Dataset extract

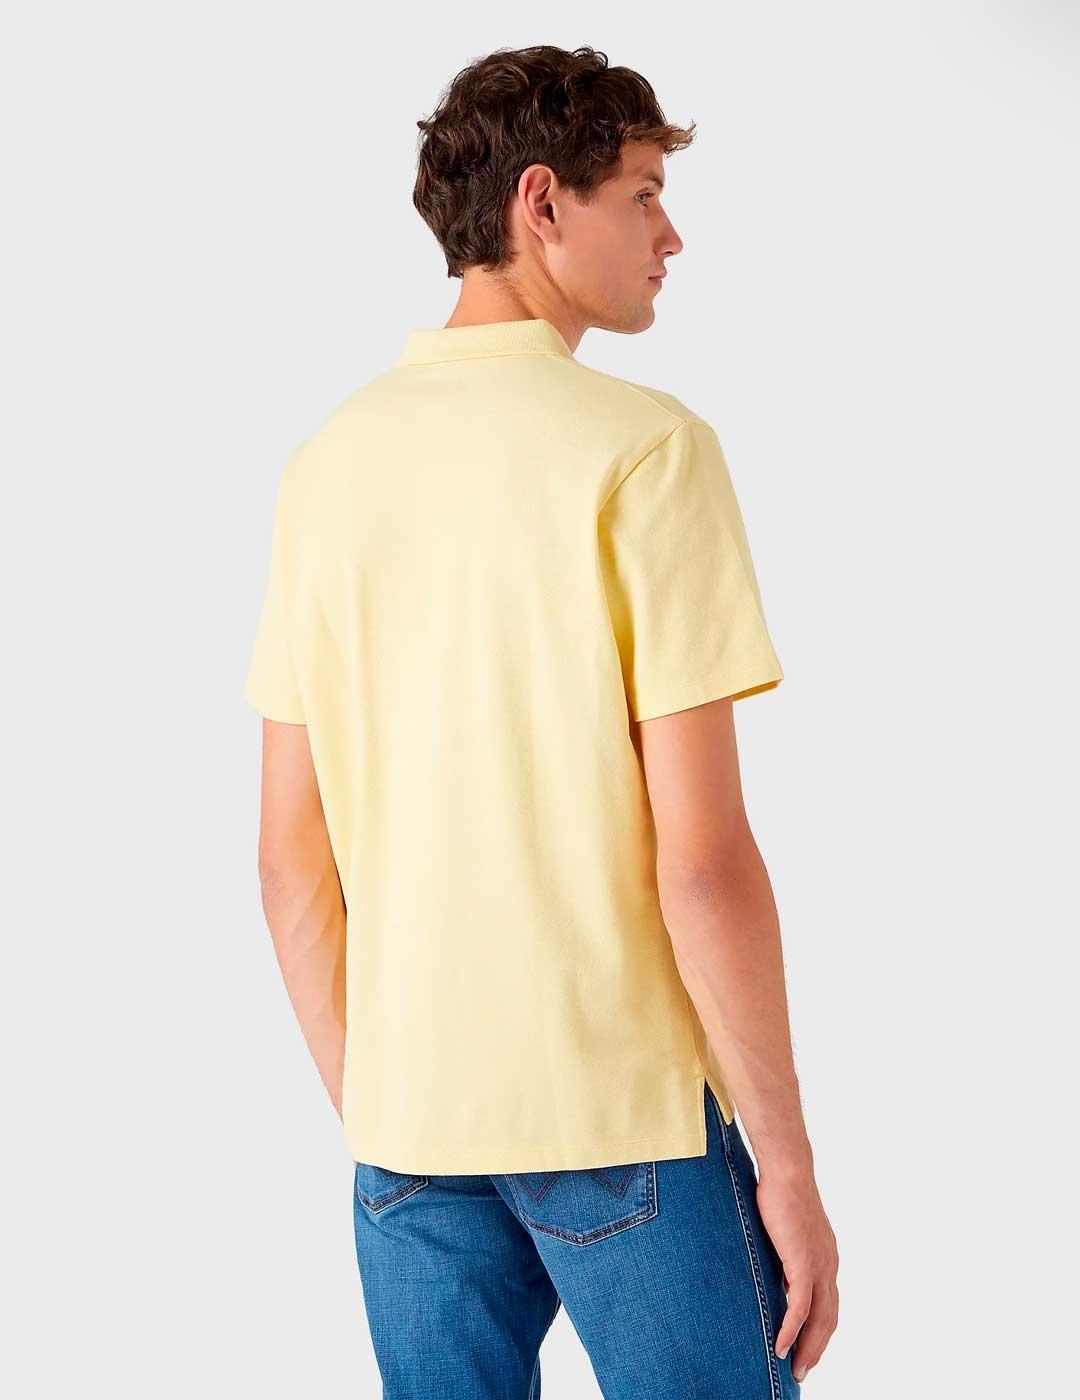 Polo Wrangler Shirt amarillo para hombre
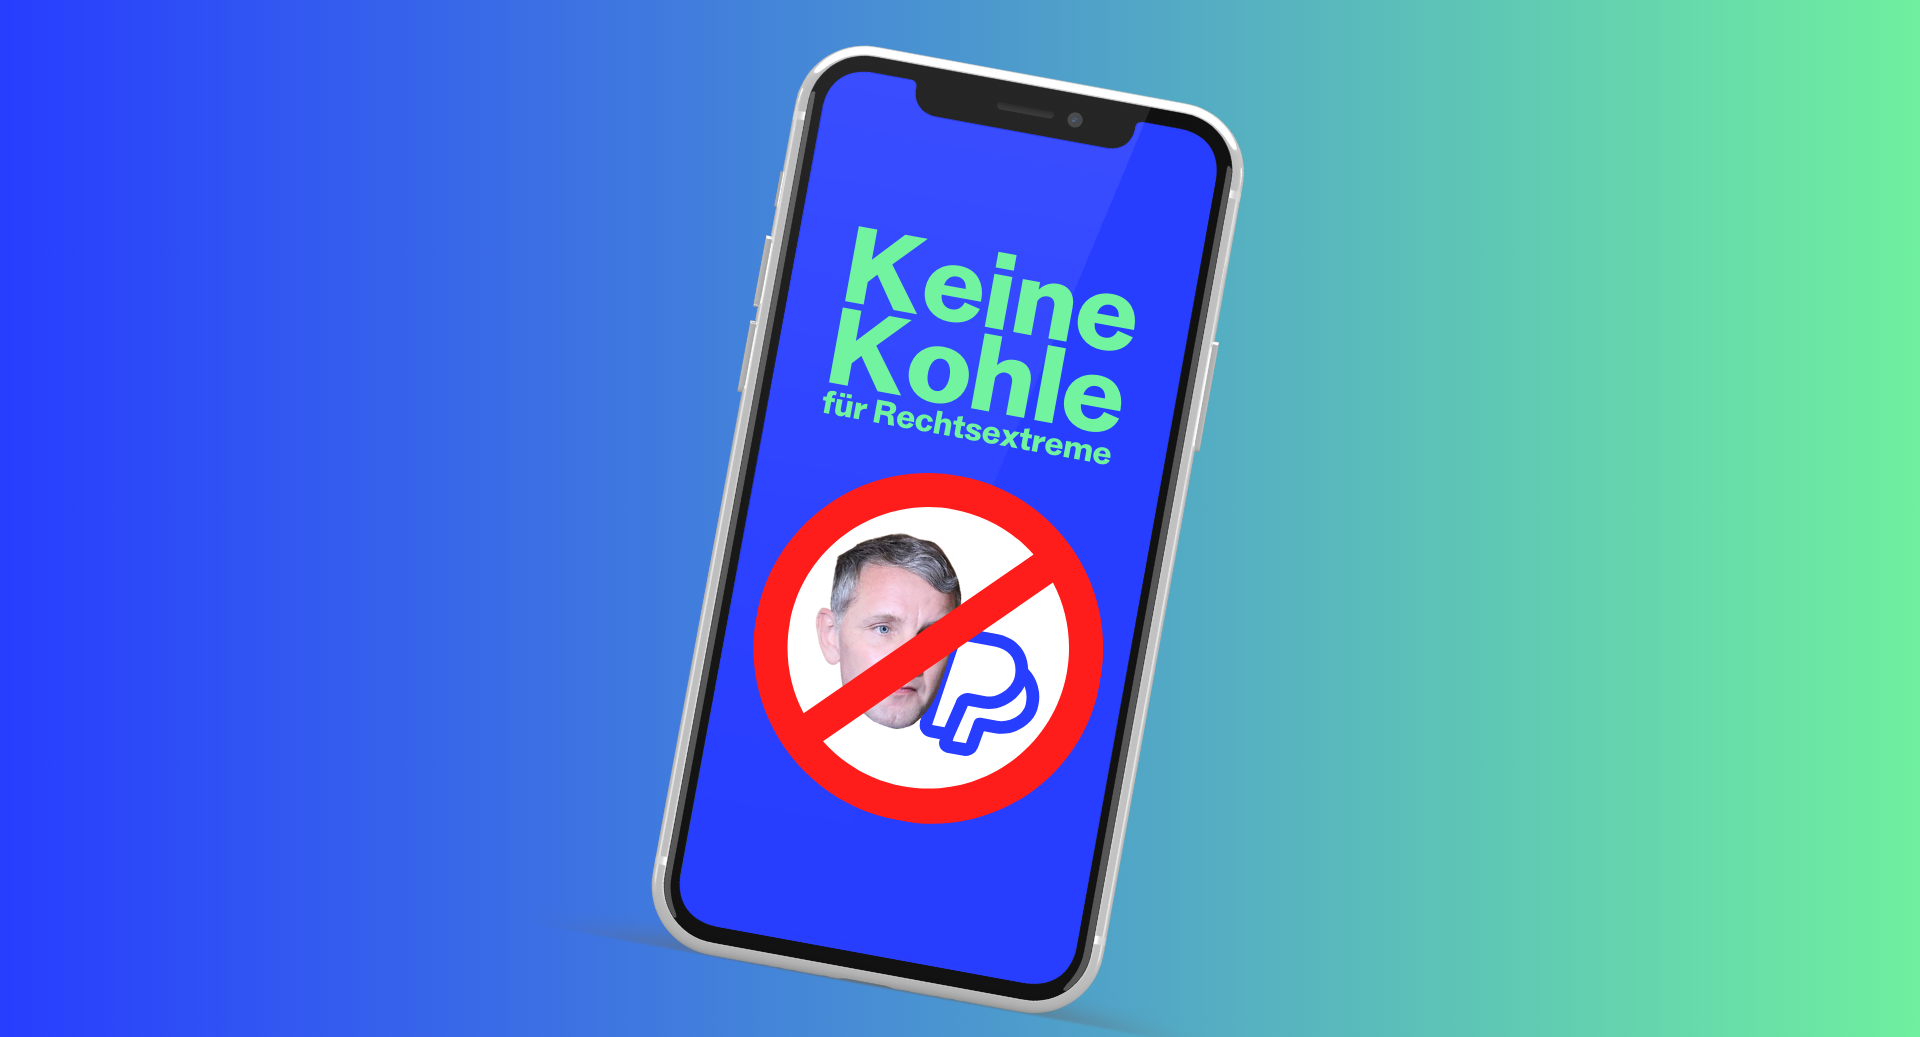 Es ist ein Handy abgebildet, auf dem das Kampagnen Logo zu sehen ist. Dieses besteht aus einem durchgestrichenen PayPal-Logo sowie dem Gesicht von Björn Höcke von der AfD und dem Slogan "Keine Kohle für Rechtsextreme".
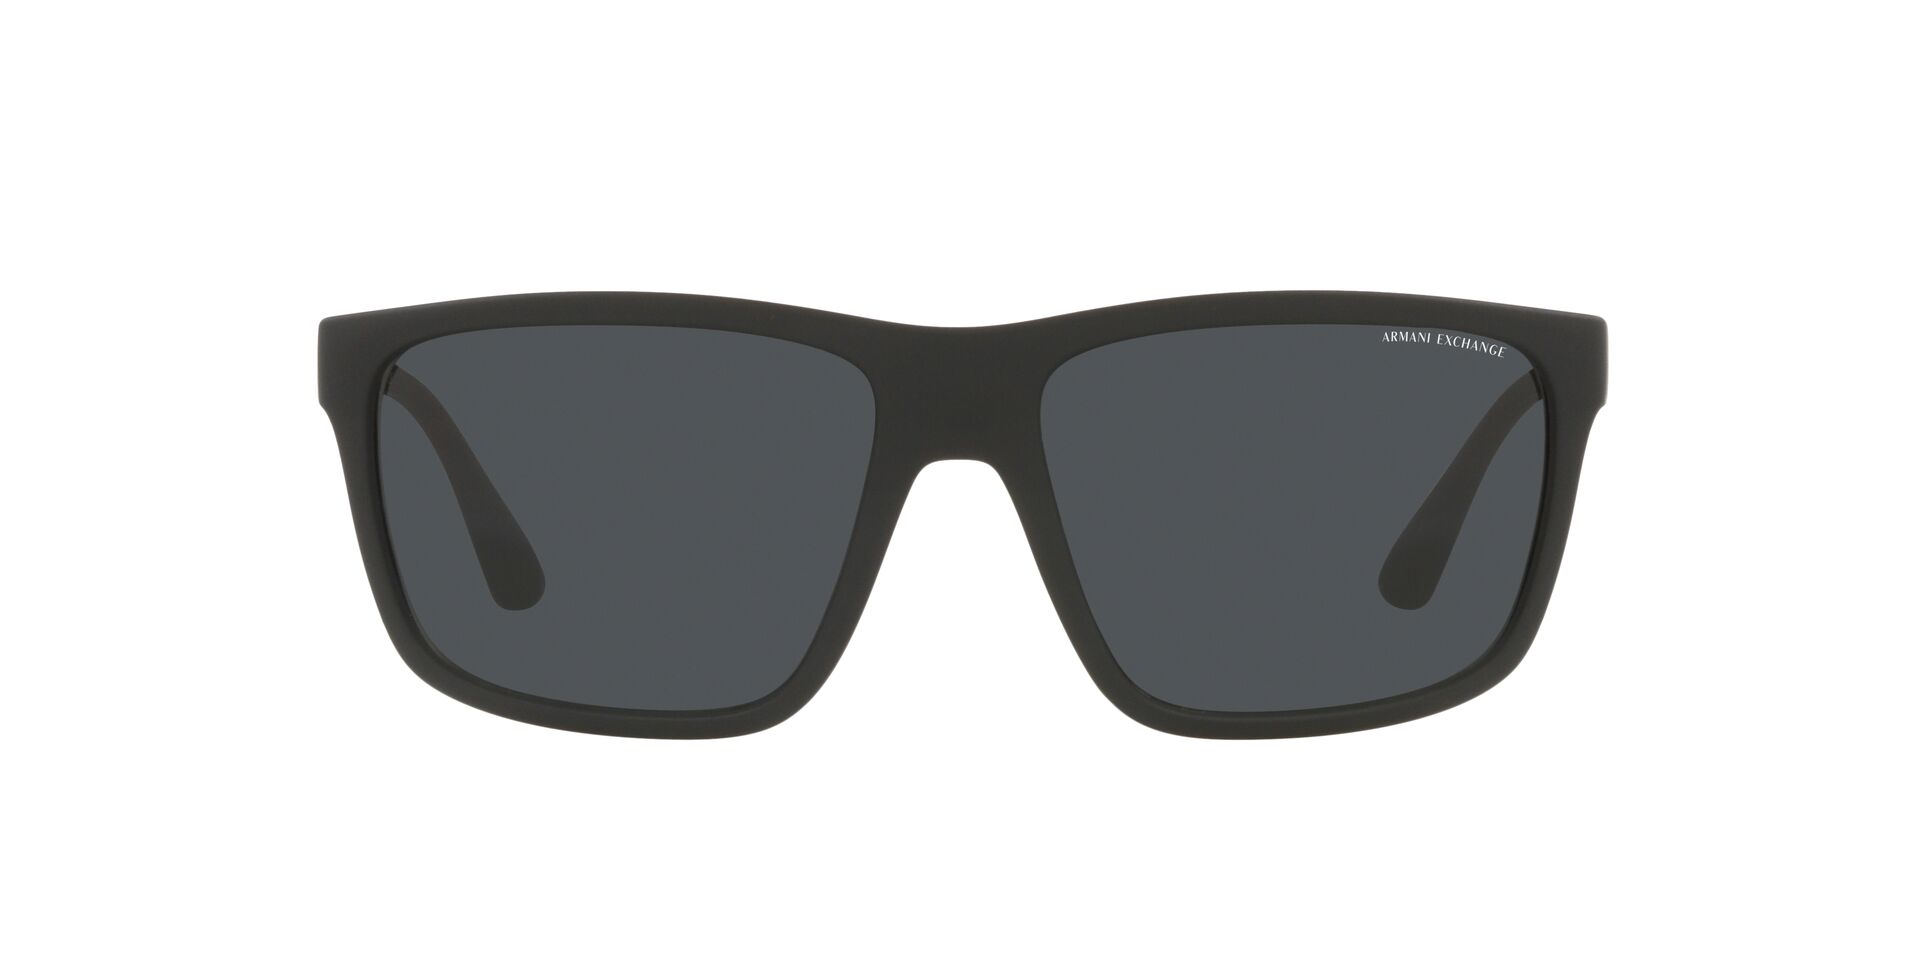 Armani Exchange Mirrored Silver Square Men's Sunglasses, 51% OFF

Exercise requirements
The data above should be set down again exactly, with the pictures omitted.

Answer
 Polo Wrangler Shirt amarillo para hombre
 Es ist ein Handy abgebildet, auf dem das Kampagnen Logo zu sehen ist. Dieses besteht aus einem durchgestrichenen PayPal-Logo sowie dem Gesicht von Björn Höcke von der AfD und dem Slogan "Keine Kohle für Rechtsextreme".
 Armani Exchange Mirrored Silver Square Men's Sunglasses, 51% OFF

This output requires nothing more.